4.3 Runtime Production

Add a guard at every entry point that accesses the potentially-None variable. Emit a structured warning when the guard triggers — this makes the None state visible before it causes a crash:

import logging
import functools
from typing import Callable, TypeVar, Any

logger = logging.getLogger(__name__)

F = TypeVar("F", bound=Callable[..., Any])


def require_model(method: F) -> F:
    """
    Decorator that guards any ModelServer method requiring self.model to be loaded.

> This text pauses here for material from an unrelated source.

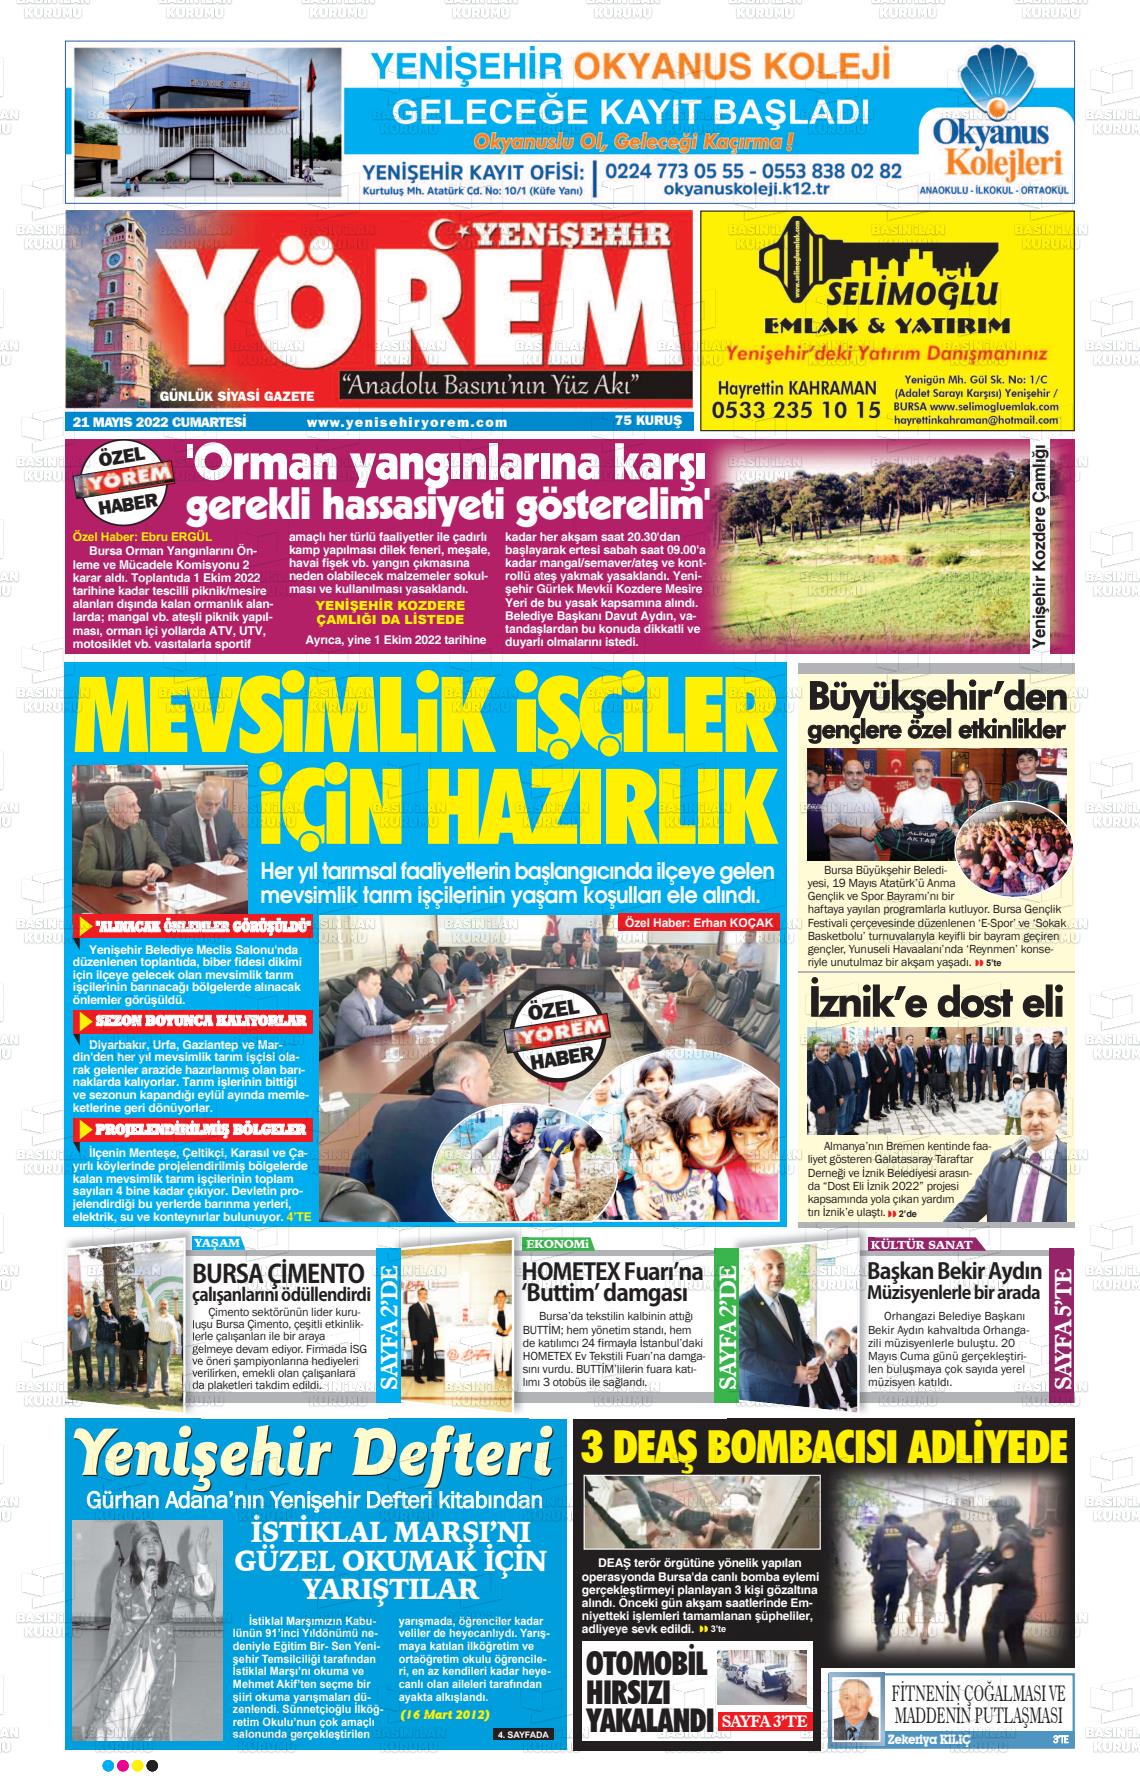 21 Mayıs 2022 Yenişehir Yörem Gazete Manşeti
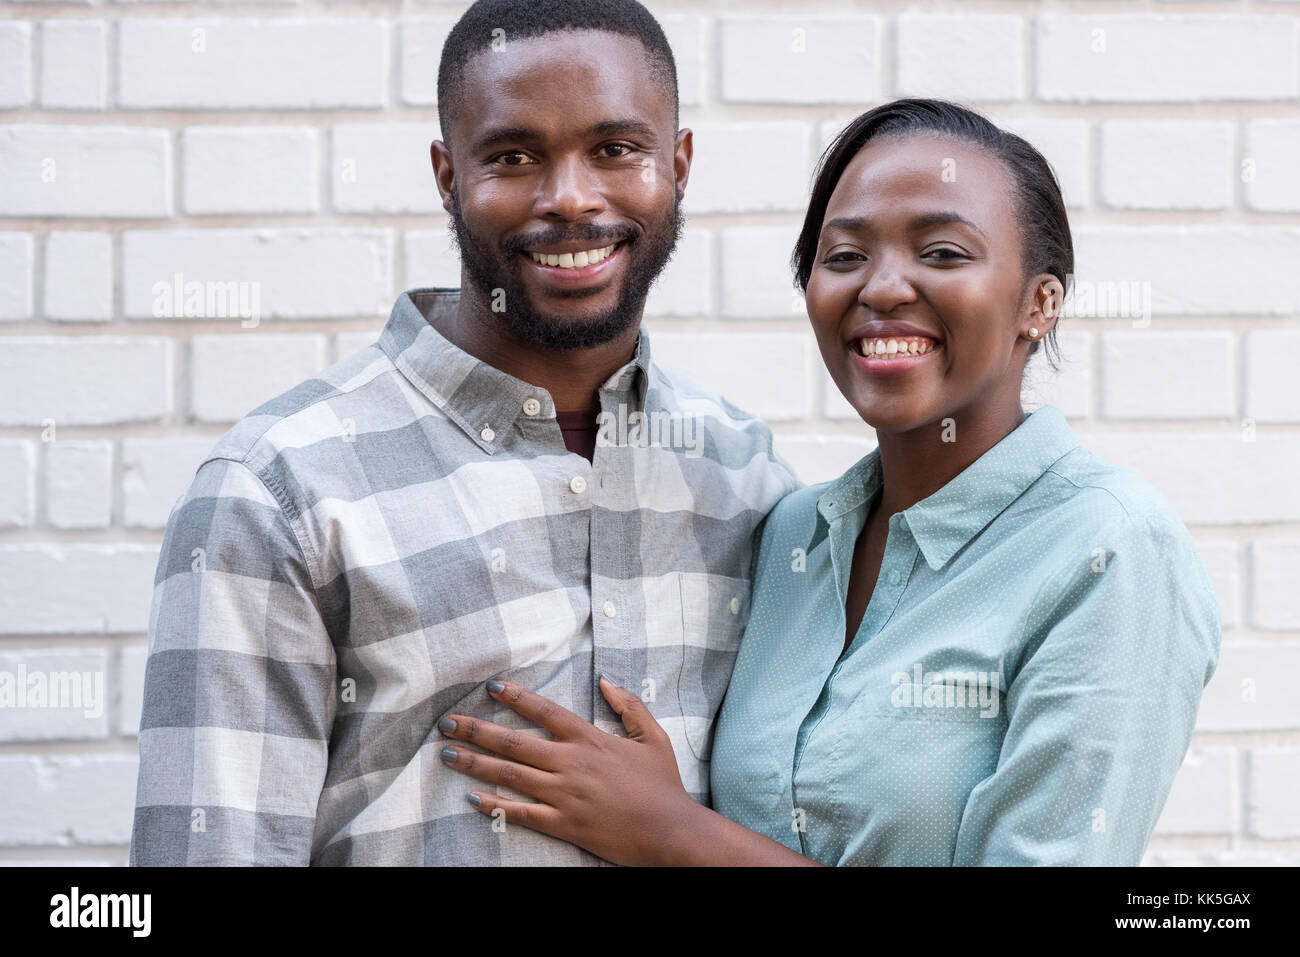 Smiling african couple dans la ville Banque D'Images

    If self.model is None, raises ModelUnavailableError with a diagnostic message
    instead of allowing AttributeError to propagate.
    """
    @functools.wraps(method)
    def wrapper(self, *args, **kwargs):
        if self.model is None:
            logger.error(
                "ModelServer.%s called with self.model=None. "
                "The model was reset but not reinitialized. "
                "This indicates a failed reload or an incomplete recovery path. "
                "Server state: reset_count=%d last_reset_at=%s",
                method.__name__,
                getattr(self, "_reset_count", "unknown"),
                getattr(self, "_last_reset_at", "unknown"),
            )
            raise ModelUnavailableError(
                f"Model is not loaded. Cannot execute {method.__name__}(). "
                "The server is in an error recovery state. "
                "Retry after the recovery window or check server health endpoint."
            )
        return method(self, *args, **kwargs)
    return wrapper  # type: ignore[return-value]


class ModelUnavailableError(RuntimeError):
    """Raised when a ModelServer method is called while the model is not loaded."""

Add a health check endpoint that explicitly reports model_loaded: false when self.model is None, so the load balancer can route traffic away from unhealthy instances:

def health(self) -> dict:
    return {
        "status": "ok" if self.model is not None else "degraded",
        "model_loaded": self.model is not None,
        "reset_count": self._reset_count,
        "last_reset_at": self._last_reset_at,
    }

5. Fix

5.1 Immediate Fix

Restructure the error recovery method to guarantee that either the model is successfully reloaded or a clear, persistent error state is set that blocks further requests with a domain exception — never with AttributeError:

# model_server.py — corrected error recovery
import logging
import time
from datetime import datetime, timezone
from pathlib import Path
from typing import Optional

logger = logging.getLogger(__name__)


class ModelUnavailableError(RuntimeError):
    """The model is not currently loaded. The server is recovering or degraded."""


class ModelServer:
    """
    Serves ML model inference. Handles load, reset, and reload lifecycle.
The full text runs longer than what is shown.